Postal Updates

Survey result: Americans still love the U.S. Postal Service

Mar 16, 2015, 5 AM

They may be mailing fewer letters, but the American public still loves the United States Postal Service.

That’s one of the major conclusions of a new survey the Postal Service’s inspector general conducted that asked:

“What postal services do people value the most?”

The answers, not always what postal management or postal unions would like to hear, show that the public treasures something management would like to change, and is willing to pay a higher price for some things.

But the report makes clear there is a limit to how much the public is willing to spend for mail services.

Here are what the survey calls the eight major findings:

1. The public puts “a high value on maintaining delivery to the door and/or curb” rather than the cluster boxes and parcel lockers some cost-cutters have pushed.
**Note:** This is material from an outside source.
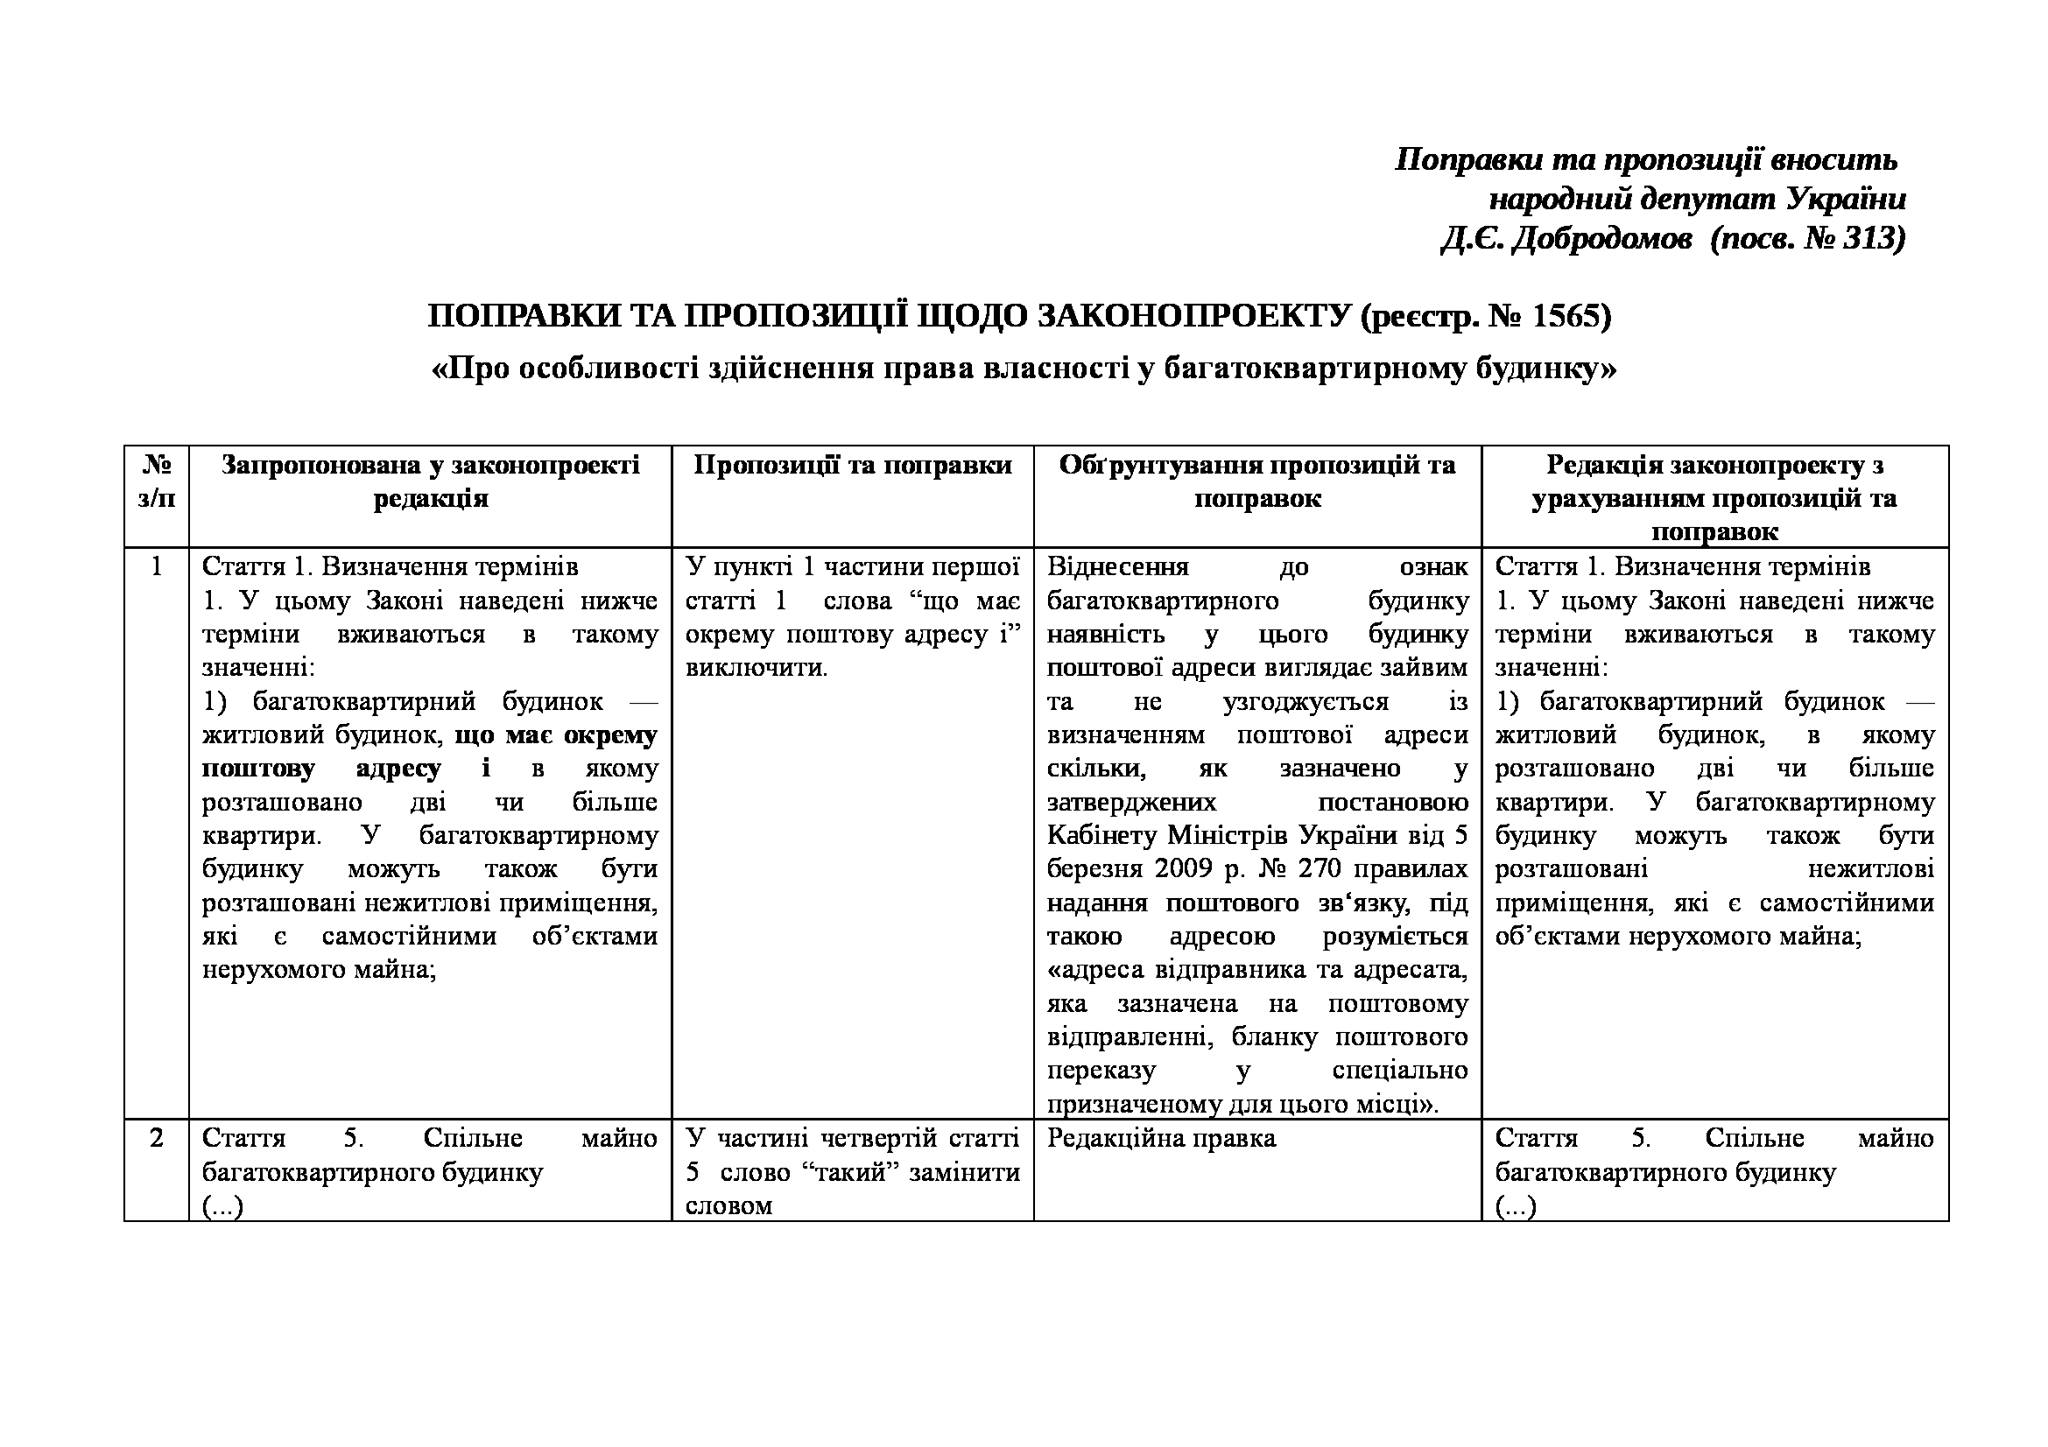 Поправки 13 січня 2015 року народний депутат України Дмитро Добродомов пообіцяв внести поправку у другому читанні до

2. Both businesses and individuals value “human interaction” with postal clerks rather than workers in “non-postal retail stores and self-service kiosks.” But customers might be agreeable to more limited counter service.

3. Those surveyed were “indifferent” to Saturday mail deliveries, but said they still would like parcels delivered on Saturdays.

4. Both individuals and businesses “value lower prices” and might be willing to accept lower levels of service to keep prices down.

5. “The vast majority” favor the USPS being obligated to serve mail to every address in the country.

6. The majority also favor a uniform first-class mail rate, calling it “very important.”

7. Businesses and individuals alike agree there is “a strong need for postal services.”

8. There was “not much acceptance” of the idea that the USPS should consider “digital services to deliver the mail,” such as allowing the USPS to scan mail and then e-mail the mail to a customer.

At first blush, the survey seems to show little public interest in cluster boxes, which were strongly backed as a major cost-saving innovation by Rep. Darrell Issa, R-Calif., who headed the House Oversight Committee last year.

It also shows that few of the stamp-selling techniques pushed by former Postmaster General Patrick Donahoe have strong public support.

Donahoe wanted to push more stamp sales into grocery and retail stores because it is so much cheaper than paying postal clerks to sell stamps — but the public likes postal clerks.

The study, published Feb. 23, represented the first time the USPS has looked at what types of trade-offs the American public might be willing to accept for changing levels of service, and which changes in postal services they might be willing to support.

In the old days, with a strong mail monopoly, there were some questions that the Postal Service never bothered to ask.